## EXERCISE
Your reply should be an exact copy of the lines from the one that holds "Wheel Black/Tires Polish" to the end of the data below.

## DATA PROVIDED
* * * * * * * * *

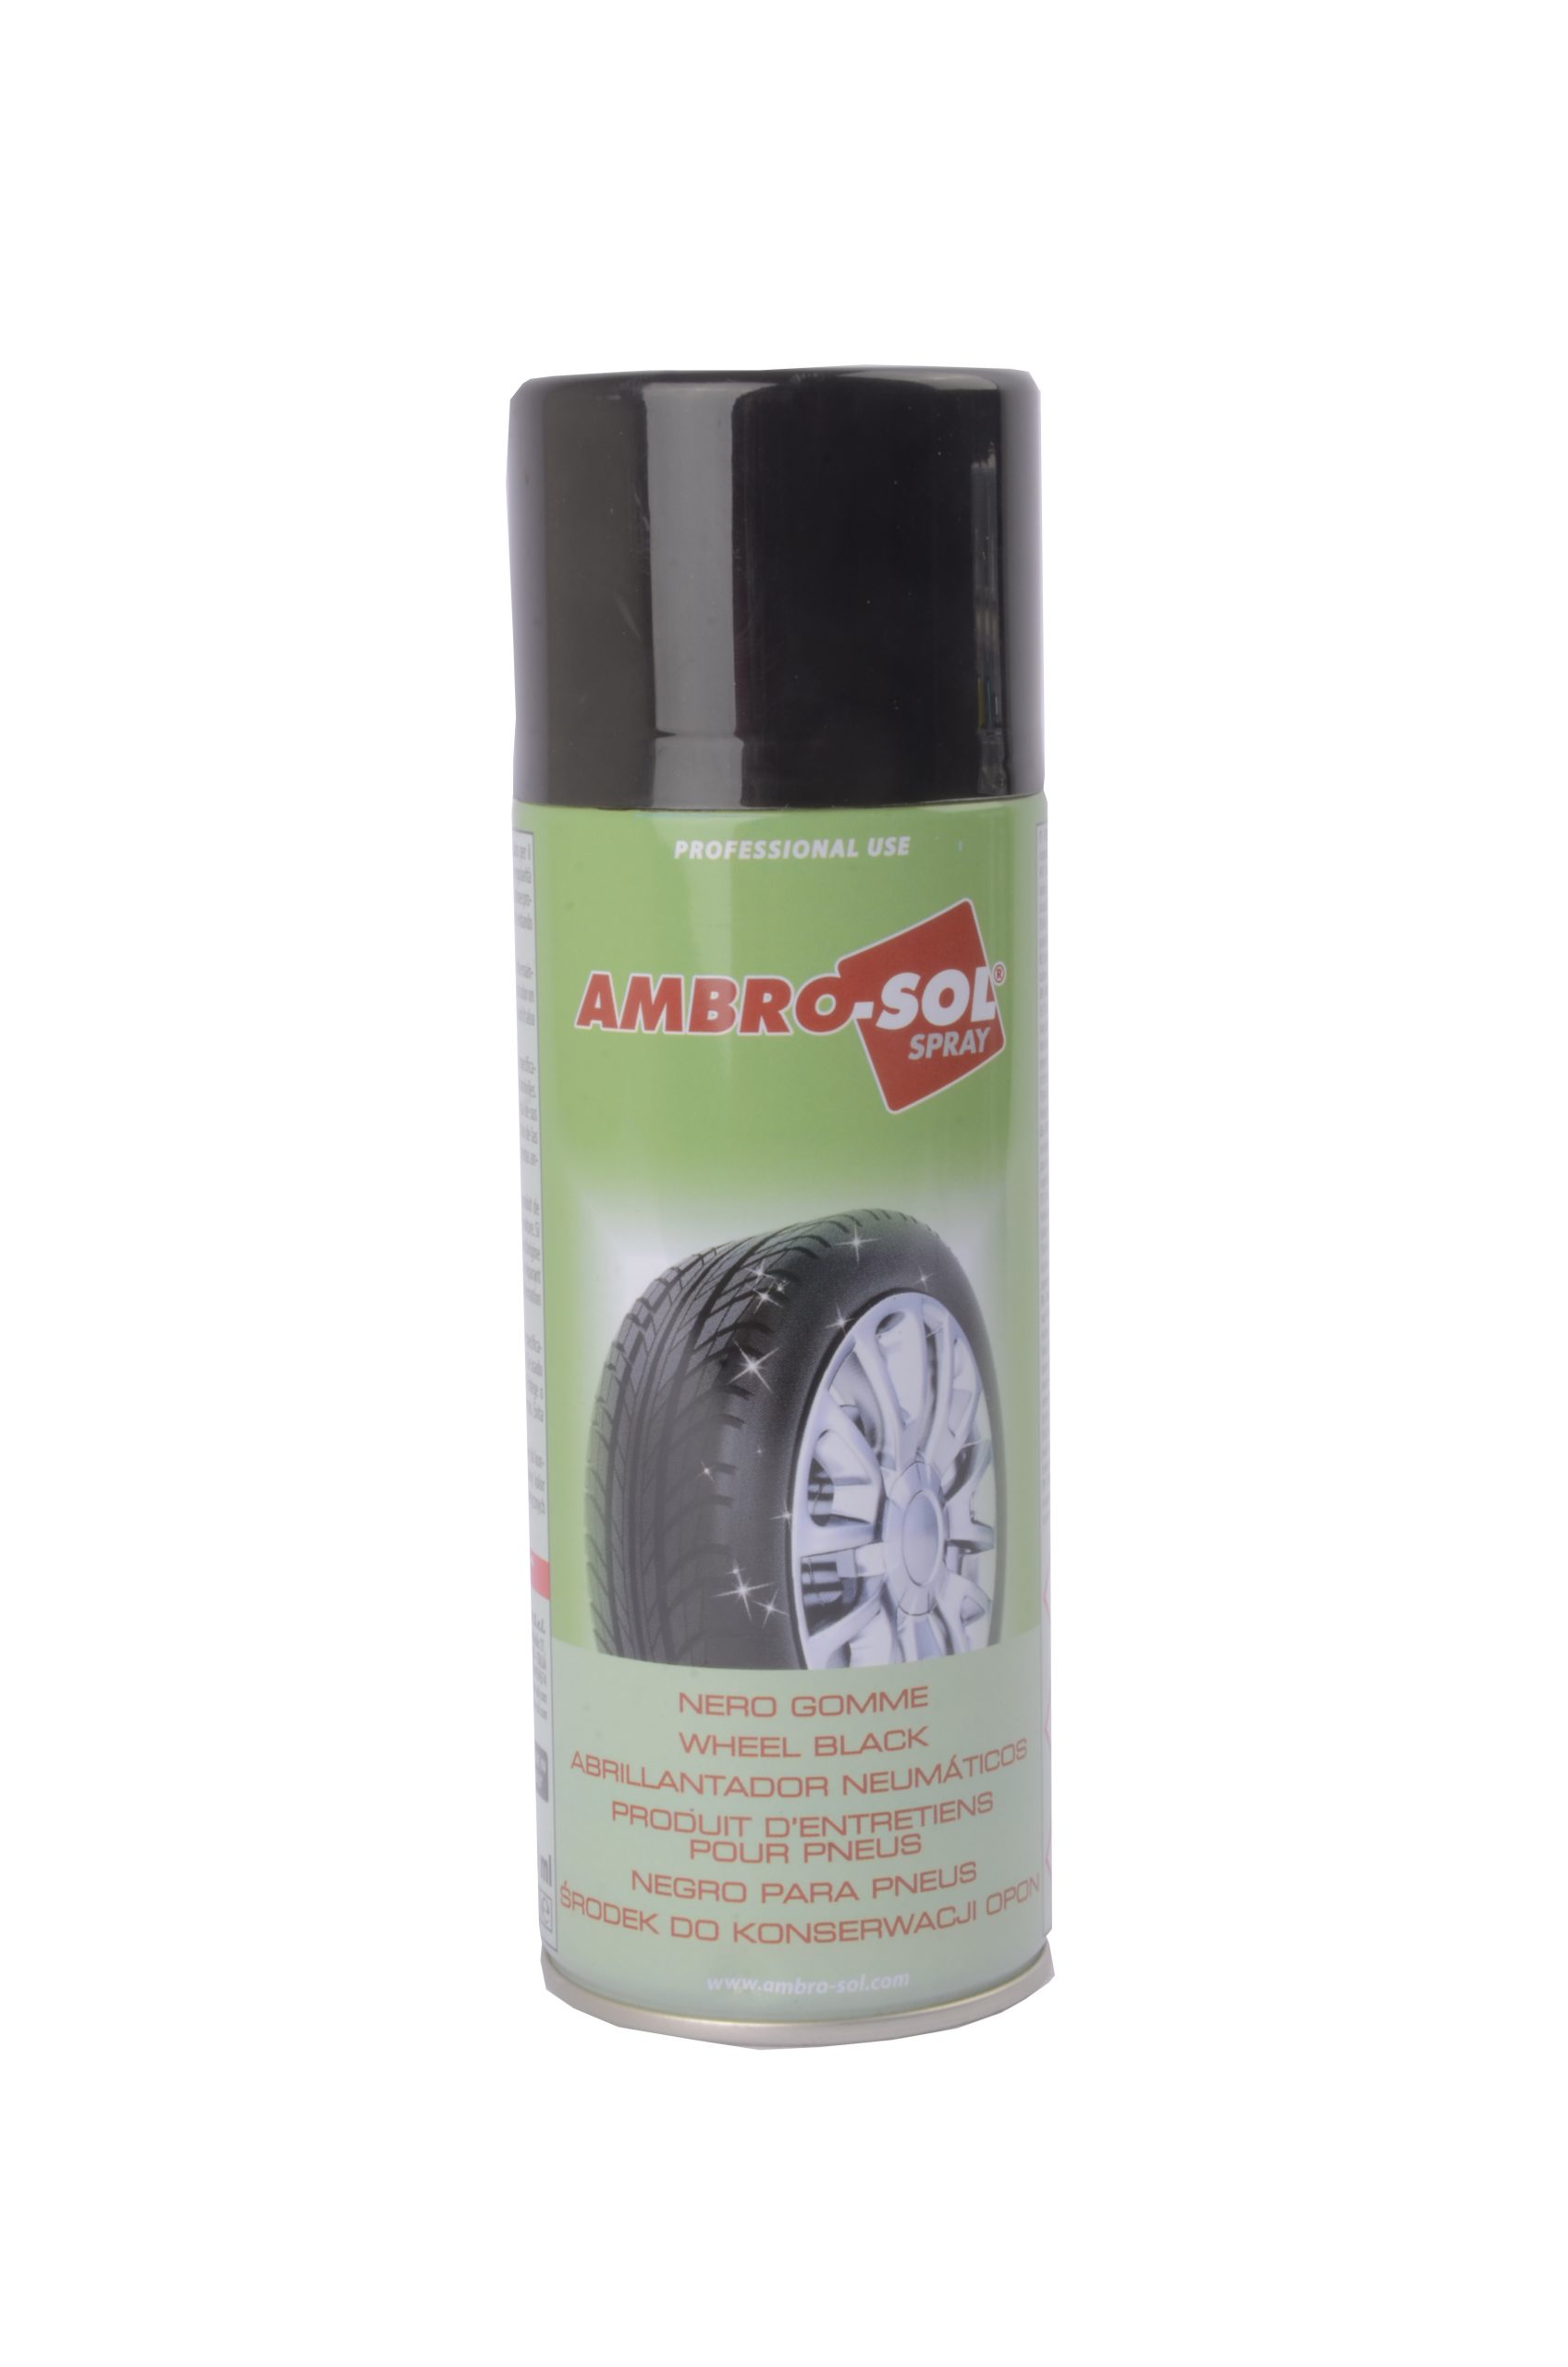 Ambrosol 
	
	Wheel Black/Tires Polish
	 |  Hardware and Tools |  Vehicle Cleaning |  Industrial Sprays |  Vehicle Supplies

* * * * * * * * *

## WRITTEN RESPONSE
	Wheel Black/Tires Polish
	 |  Hardware and Tools |  Vehicle Cleaning |  Industrial Sprays |  Vehicle Supplies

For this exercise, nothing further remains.